Cassie LaRue Gaines (January 9, 1948 – October 20, 1977) was an American singer, best known for her work with Southern rock band Lynyrd Skynyrd.

Biography
Gaines was invited by JoJo Billingsley and Ronnie Van Zant to join Lynyrd Skynyrd as a backup singer. She had never heard of the band at the time, so Billingsley lent her a copy of the band's first two albums: (Pronounced 'Lĕh-'nérd 'Skin-'nérd) and Second Helping. In late 1975, Gaines, Billingsley, and Leslie Hawkins formed The Honkettes, a female gospel vocal trio for Skynyrd.
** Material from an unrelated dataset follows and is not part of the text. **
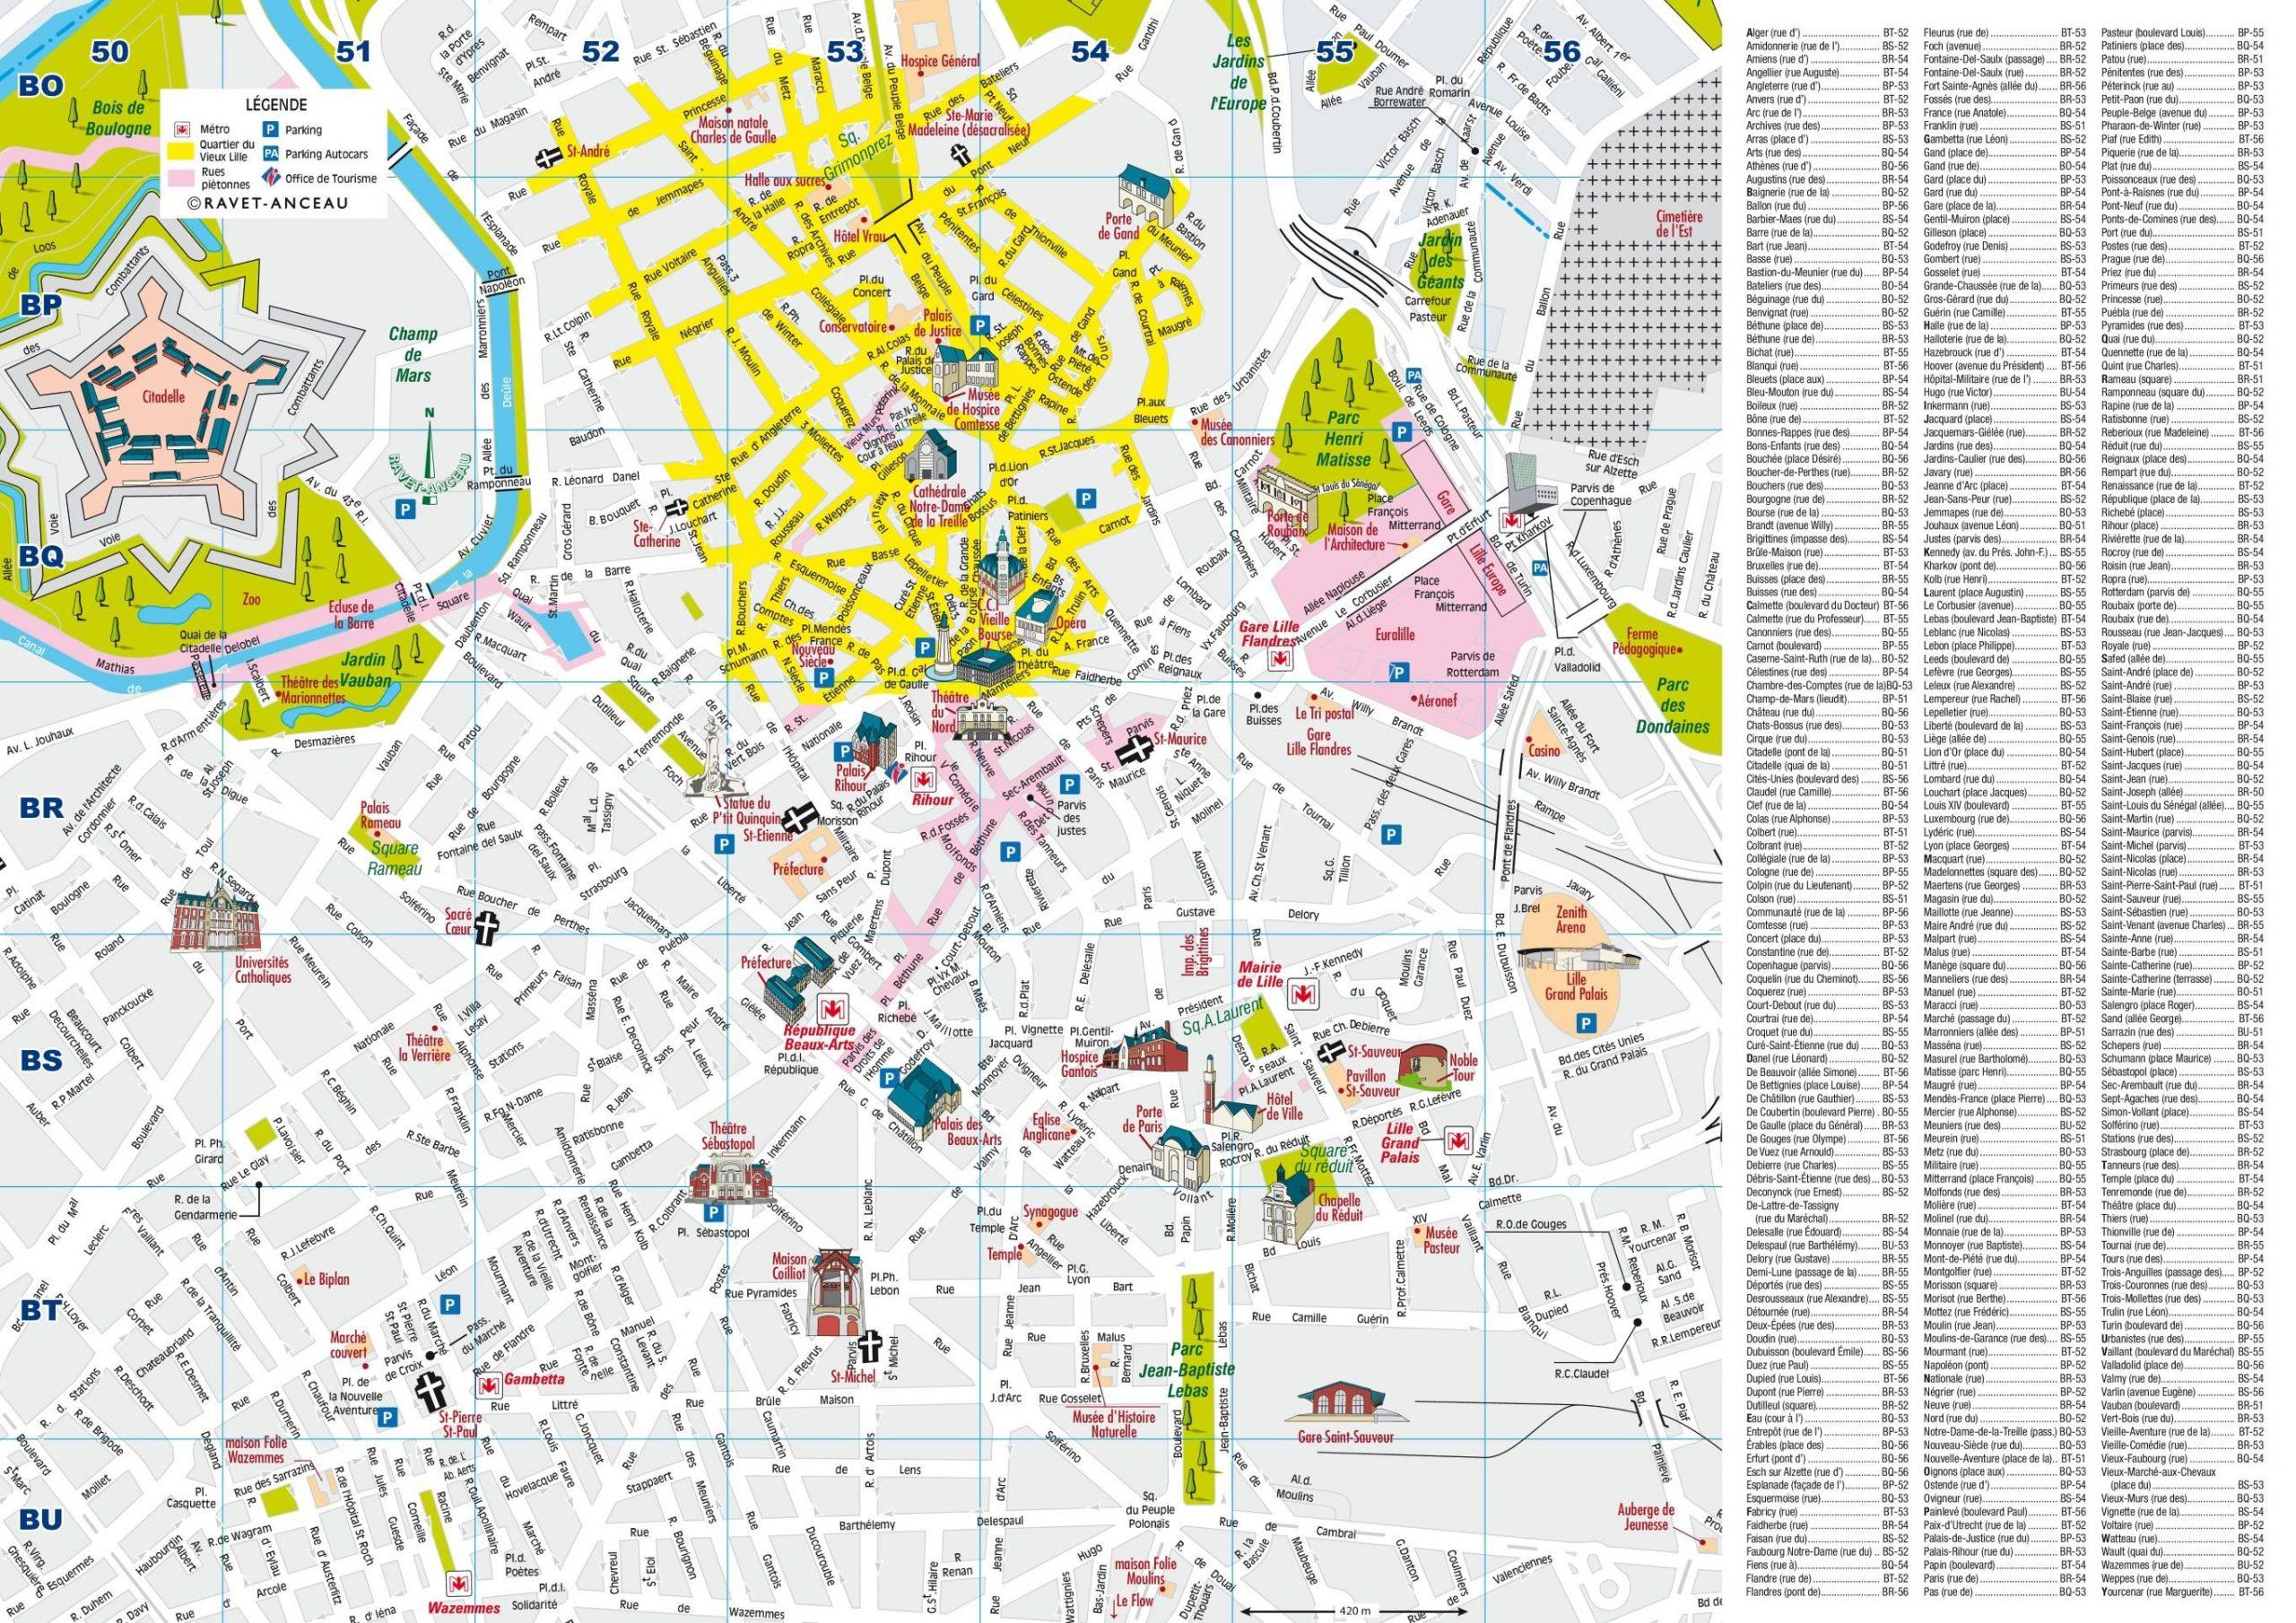 Lille Carte Touristique Imprimable Carte Imprimable De Lille avec Carte De France Imprimable

When Lynyrd Skynyrd was in need of a guitar player to replace recently departed Ed King, Cassie recommended her younger brother, Steve, who joined the band soon after.

Plane crash 

On October 20, 1977, a Convair CV-240 carrying the band between shows from Greenville, South Carolina to Baton Rouge, Louisiana crashed outside of Gillsburg, Mississippi. The crash killed Ronnie Van Zant, Steve and Cassie Gaines, assistant road manager Dean Kilpatrick, as well as pilot Walter McCreary and co-pilot William Gray. Though Cassie Gaines initially refused to board the flight, she was — against her better judgment — convinced to do so by other passengers. Her hesitation was due to a small fire in one of the engines the previous day. She intended to travel in the tour trucks but boarded the flight due to Van Zant's persuasion.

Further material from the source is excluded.